▸ Directions for this task
Restate word for word the section of the entries that opens at the line containing "Amalia Pica - Instructions" and closes at the line containing "Manuscript illumination by", both lines kept, pictures dropped.

▸ Material shown
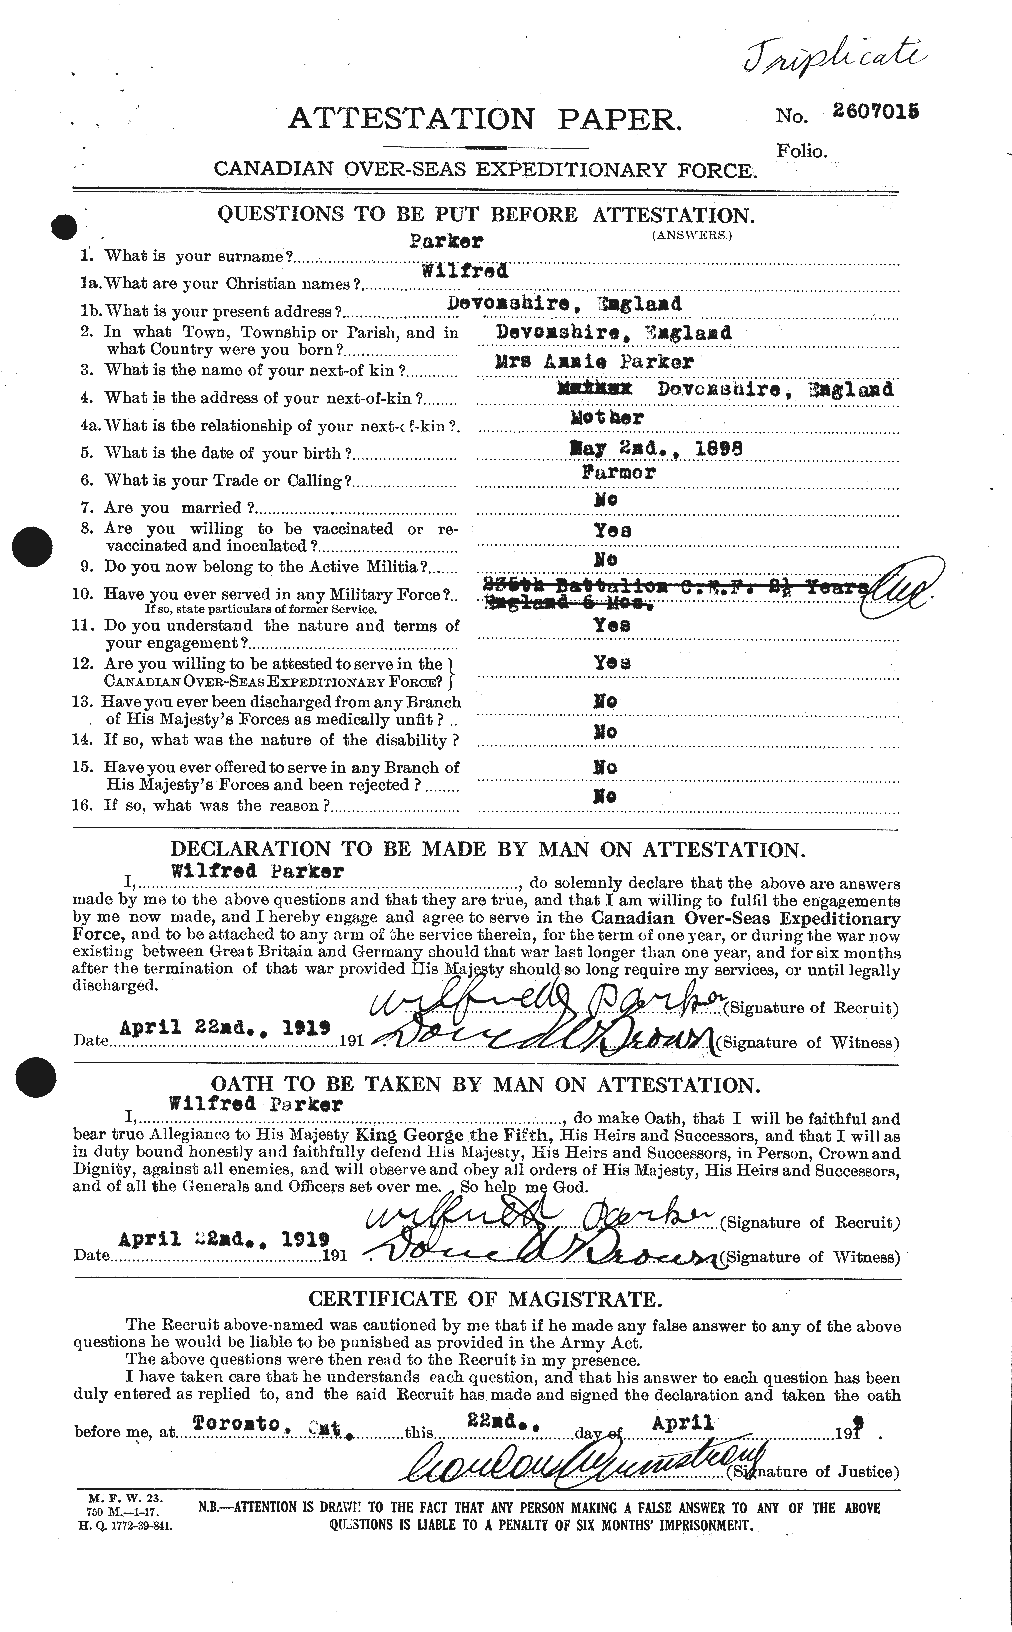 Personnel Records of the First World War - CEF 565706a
---
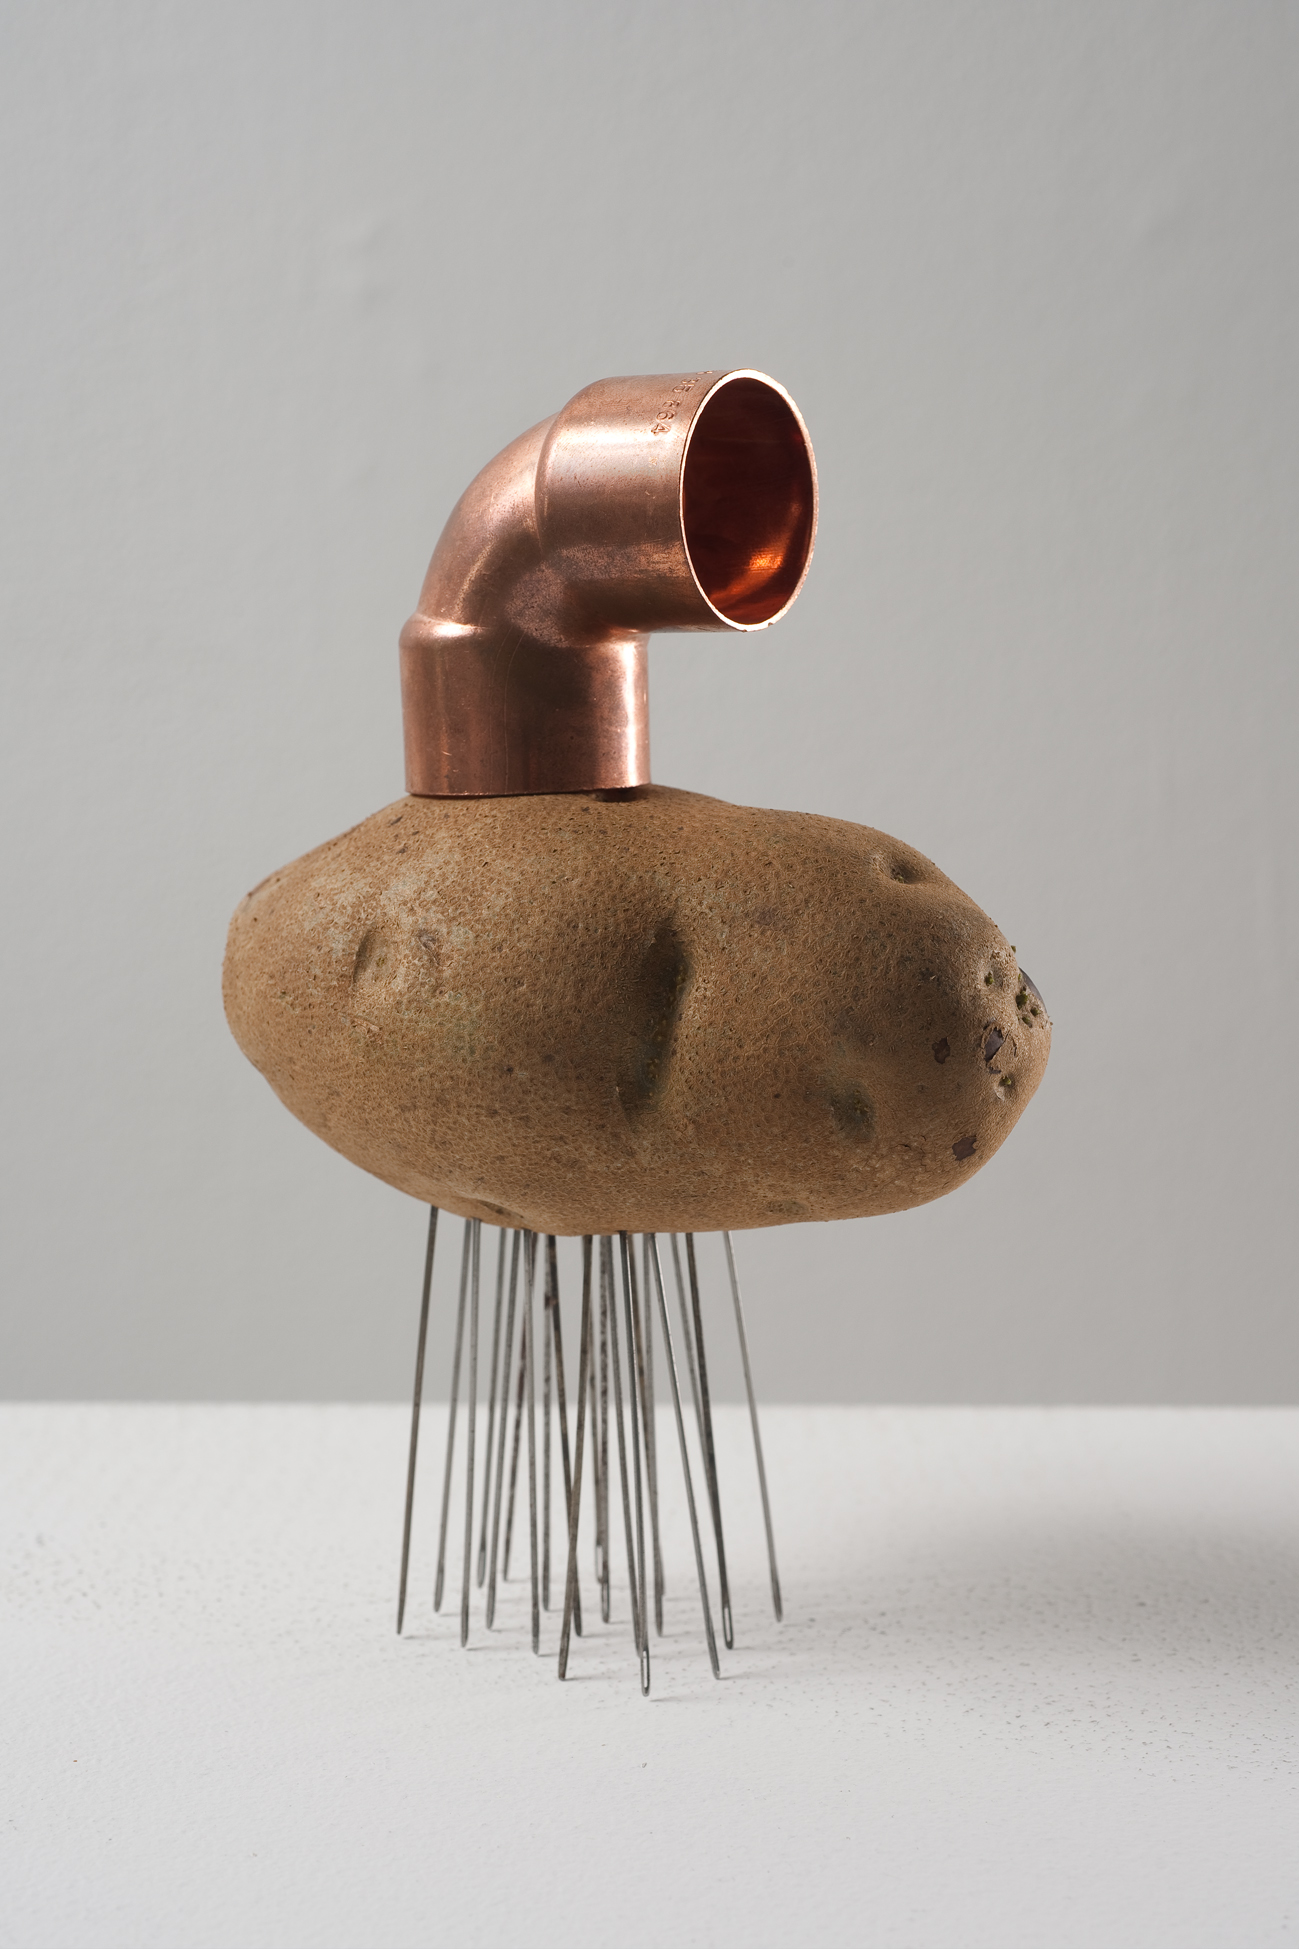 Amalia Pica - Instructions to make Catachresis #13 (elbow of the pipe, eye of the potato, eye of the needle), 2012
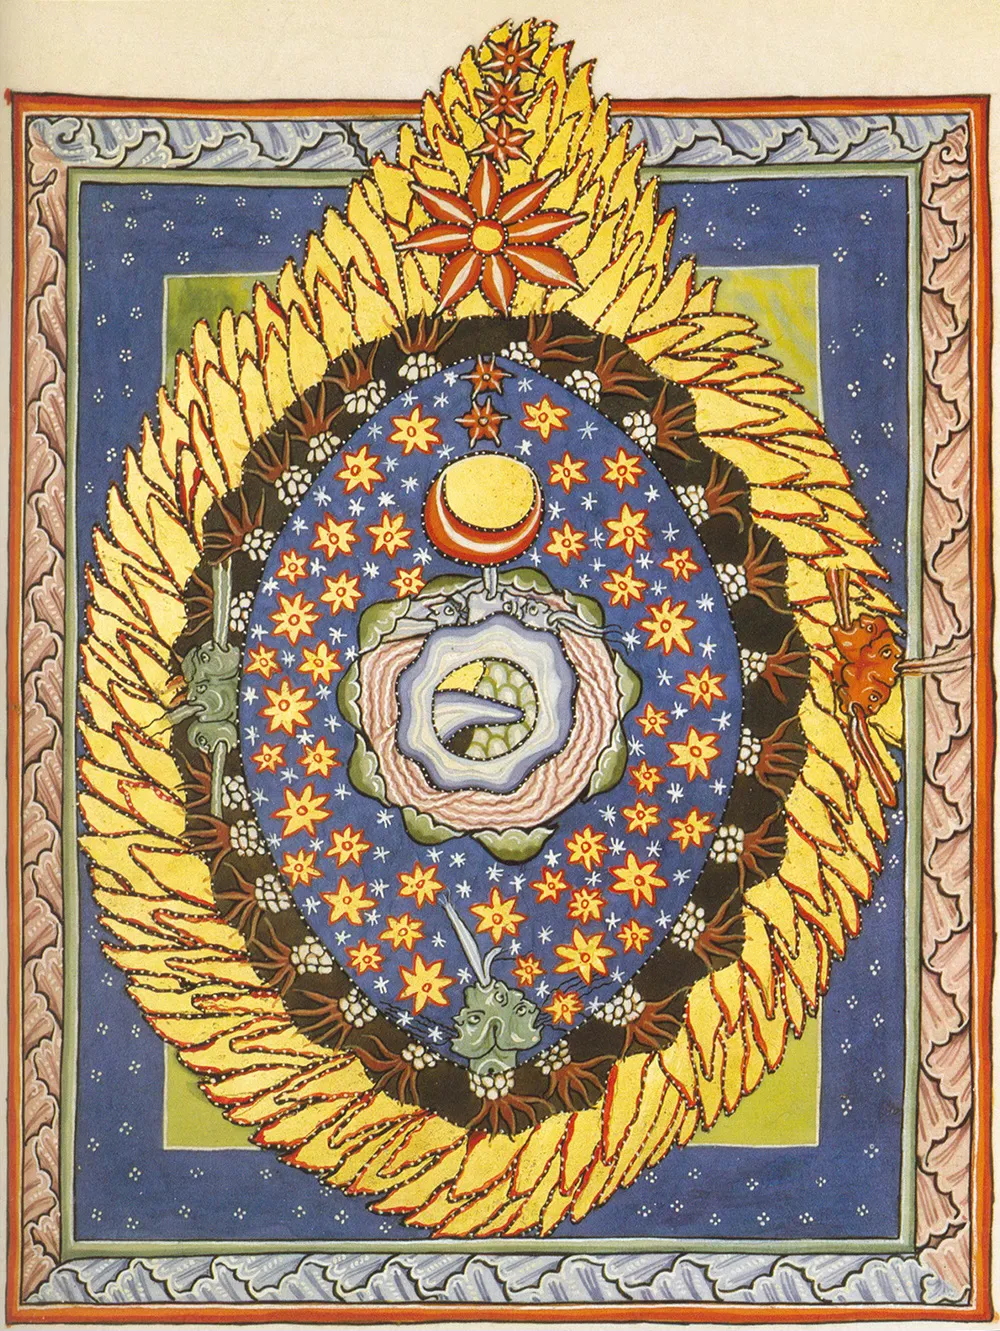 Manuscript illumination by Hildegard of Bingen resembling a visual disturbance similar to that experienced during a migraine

▸ Exercise solution
 Amalia Pica - Instructions to make Catachresis #13 (elbow of the pipe, eye of the potato, eye of the needle), 2012
 Manuscript illumination by Hildegard of Bingen resembling a visual disturbance similar to that experienced during a migraine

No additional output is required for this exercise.